Improvisational music is always a risky venture. Usually, those who attempt it are knowledgeable enough in musical theory and skilled enough in playing as a collective unit to produce cohesiveness regardless of little to no rehearsal. On the other hand, there can always be a case of a mess of misdirection. Fortunately, on their third LP, Tritonium, Chicago-based fusion troupe Gunnelpumpers fits into the former category. While the three tracks contained here can be a bit monotonous and unoriginal (more on that in a bit), they are nonetheless impressive and engaging.

Billing themselves as "a group of inspired musicians dedicated to the art of progressive, free improvisation," Gunnelpumpers certainly seeks to push boundaries. Tritonium was recorded live at the Elbo Room in Chicago, and naturally, the members of the group didn't really arrange anything beforehand. In essence, you have six musicians using three basses, an electric guitar, hand percussion, two pedal boards, and a drum kit to venture into uncharted musical territory. Well, somewhat uncharted musical territory.

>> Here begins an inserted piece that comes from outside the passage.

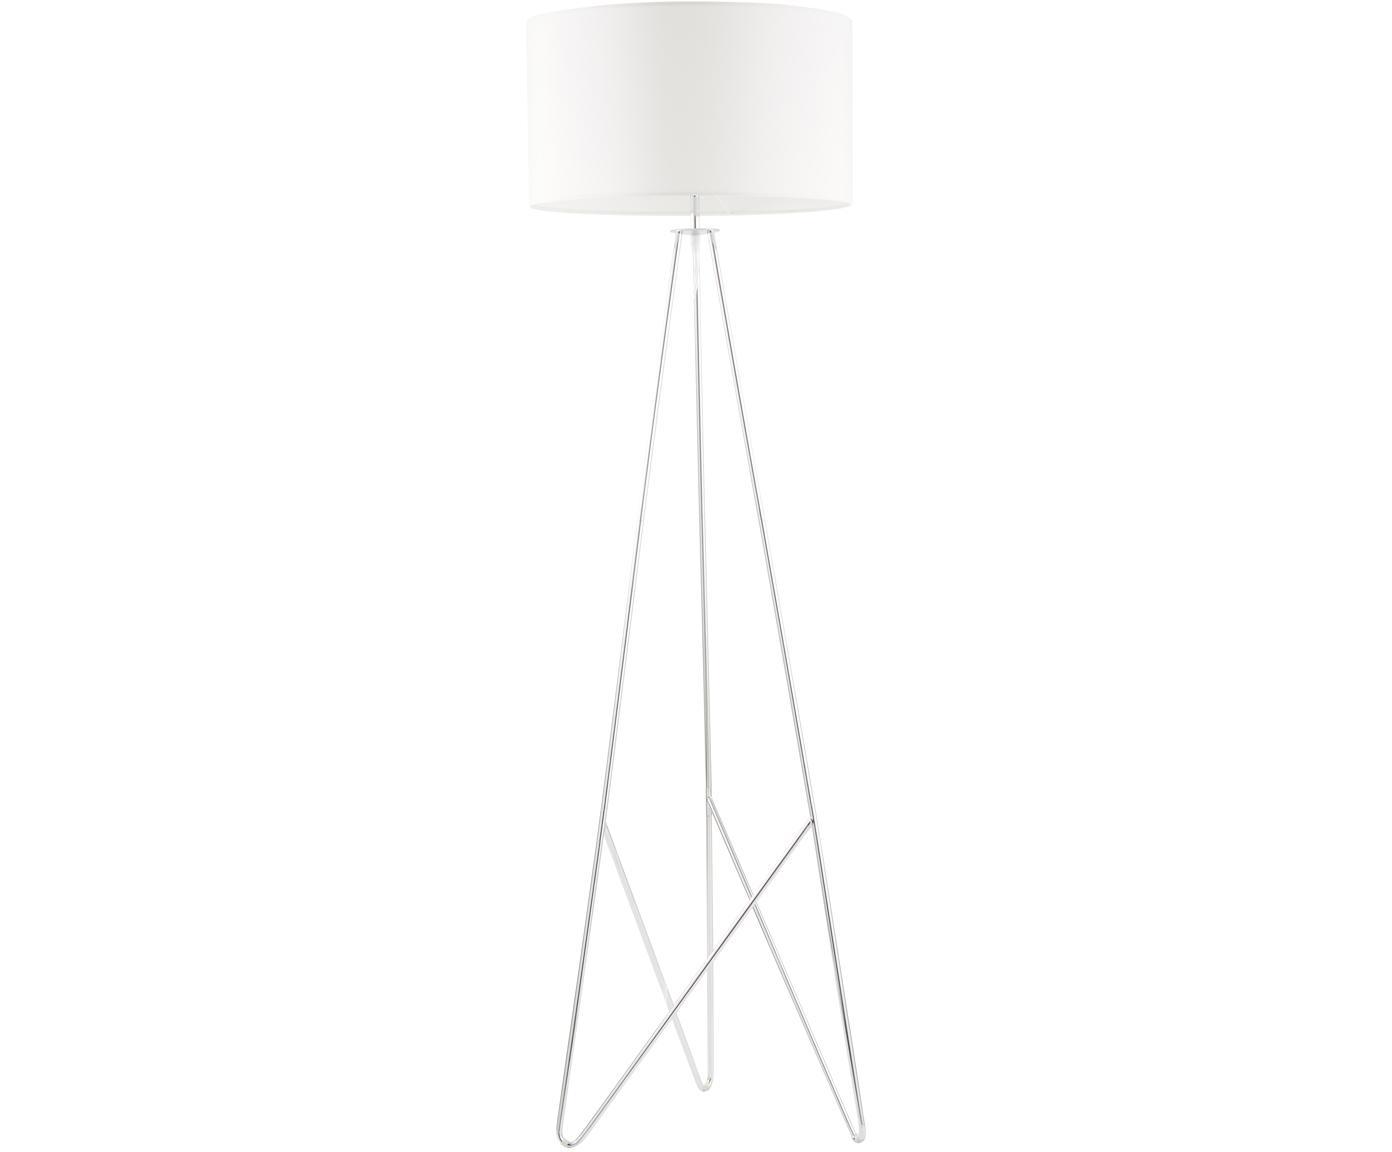 Lampa podłogowa Jessica, Biały, chrom, Ø 45 x W 155 cm

From the opening dissonance of "Sir Cirrus," it's clear that classic King Crimson plays a huge role in their sound. If you didn't know better, you'd swear that you were listening to the opening of "Larks' Tongues in Aspic, Part One" for nine minutes. The frantic, tribal percussion, coupled with distorted, soaring guitar lines and the sound of embittered strings, makes this track eerily similar to King Crimson's masterpiece. Also, some may feel that it goes on for too long.

"Eschatonus" is more interesting dynamically, as the tension constantly shifts from tranquil to nightmarishly ominous. However, there really aren't any new techniques here. At almost twenty minutes in length, album closer "McGroover" should probably do more than it does, which is simply to continue the style of its predecessors without much innovation. True, there are some interesting changes, and different instruments get the spotlight at different points, but for the most part, "McGroover" doesn't really do anything that the first two songs didn't, and for its length, that's really a shame.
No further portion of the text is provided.